1. Identify the resource that was partially created (check AWS Console)
2. Remove it from Terraform state: `terraform state rm <resource_address>`
3. Import the existing resource: `terraform import <resource_address> <resource_id>`
4. Continue with `terraform apply`

<Tip>
To find the correct resource address, use `terraform state list` to see all resources in your state file.

</Tip>

<Note>
This approach works for any Terraform resource that exists in AWS but Terraform has lost track of due to credential expiration. Investigate this process whenever you encounter "Resource already exists" errors after a failed deployment.

</Note>

### CSI Driver or CloudWatch Add-on Installation Timeouts

**Symptoms:** Terraform times out when deploying CSI drivers (SMB CSI Driver) or CloudWatch Observability add-on, or add-on installation appears to hang

**Common Causes:**

- AWS credential expiration during long-running deployments
- Network connectivity issues between EKS and AWS services
- IAM permissions issues preventing add-on installation
- Resource limits or quota exhaustions in your AWS account

**Resolution Steps:**

1. **Retry the deployment**

   AWS credential expiration is the most common cause. See [Resuming Installation After AWS Credential Expiration] for recovery steps.

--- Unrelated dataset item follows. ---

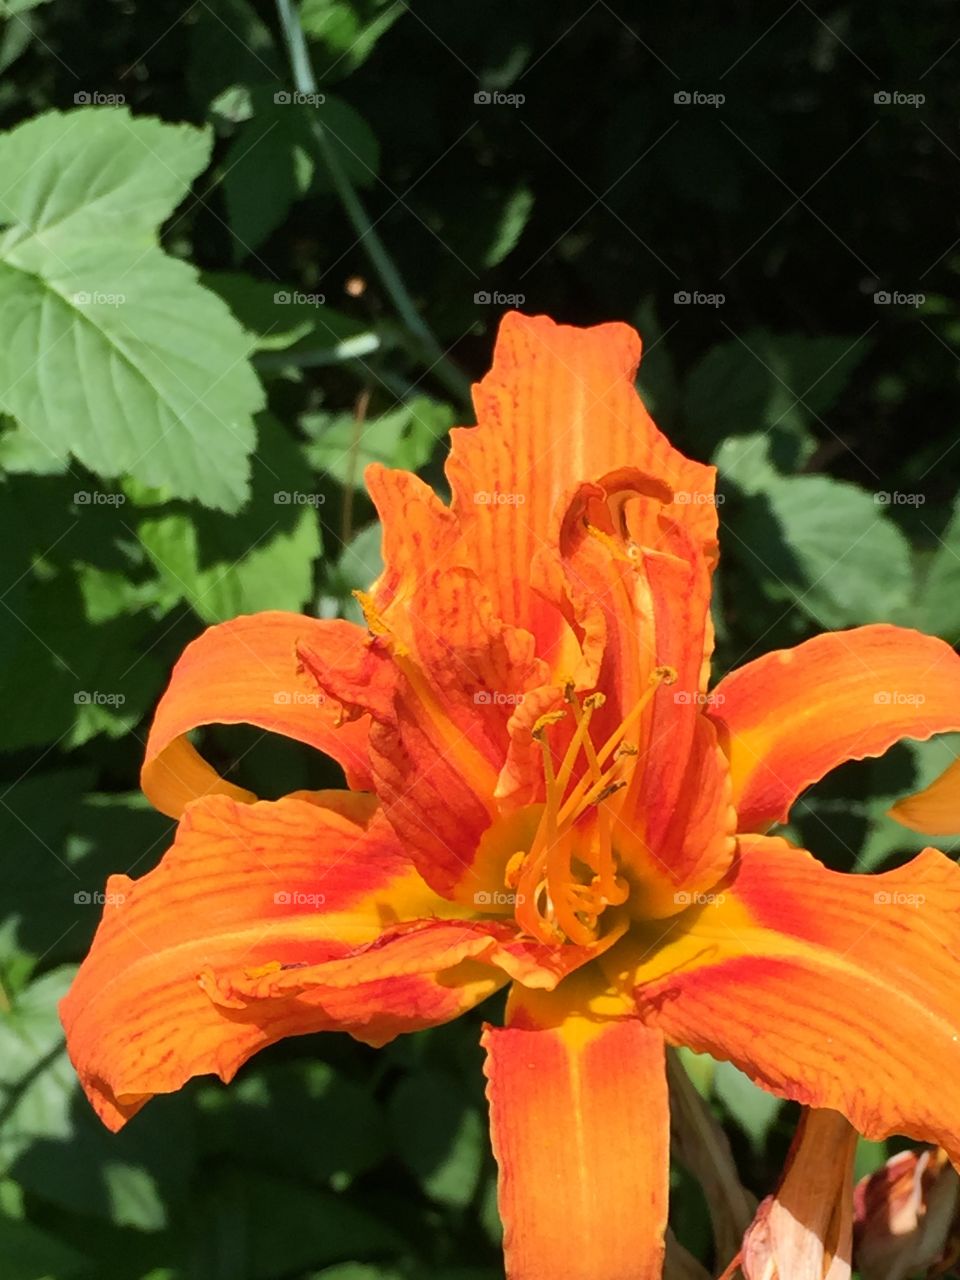 Tiger Lily. A common flower in Pennsylvania.
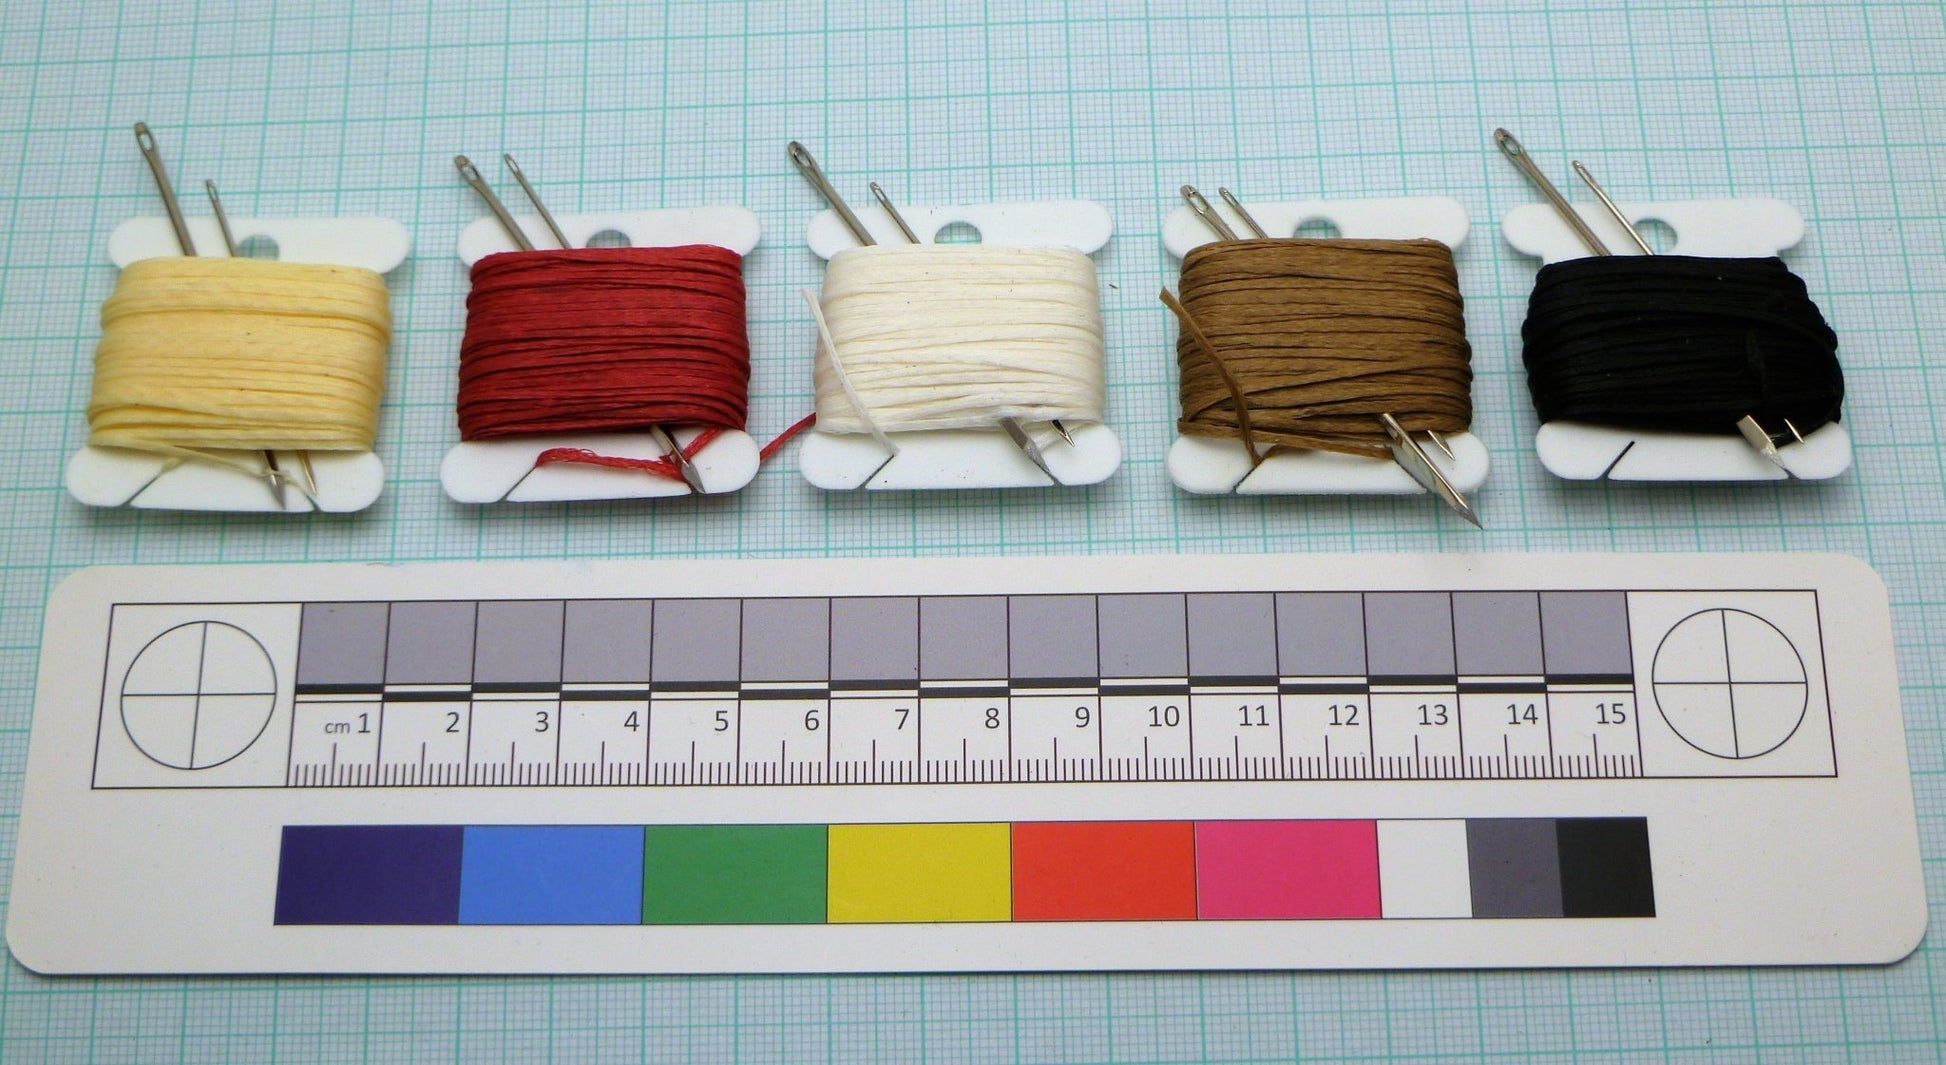 Waxed thread and needles for leather repair or Canvas Sail Carpet Sack Upholstery Waxed Thread Huggins Attic    [Huggins attic]

2. **If the issue persists, consult AWS documentation**

   AWS provides detailed troubleshooting guides for add-on installations:

   - **CloudWatch Observability Add-on**: [Troubleshooting CloudWatch Observability EKS Add-on](https://docs.aws.amazon.com/AmazonCloudWatch/latest/monitoring/install-CloudWatch-Observability-EKS-addon.html#Container-Insights-setup-EKS-addon-troubleshoot)
   - **CSI Driver Issues**: [Amazon EKS CSI Driver Troubleshooting](https://docs.aws.amazon.com/eks/latest/userguide/troubleshooting.html)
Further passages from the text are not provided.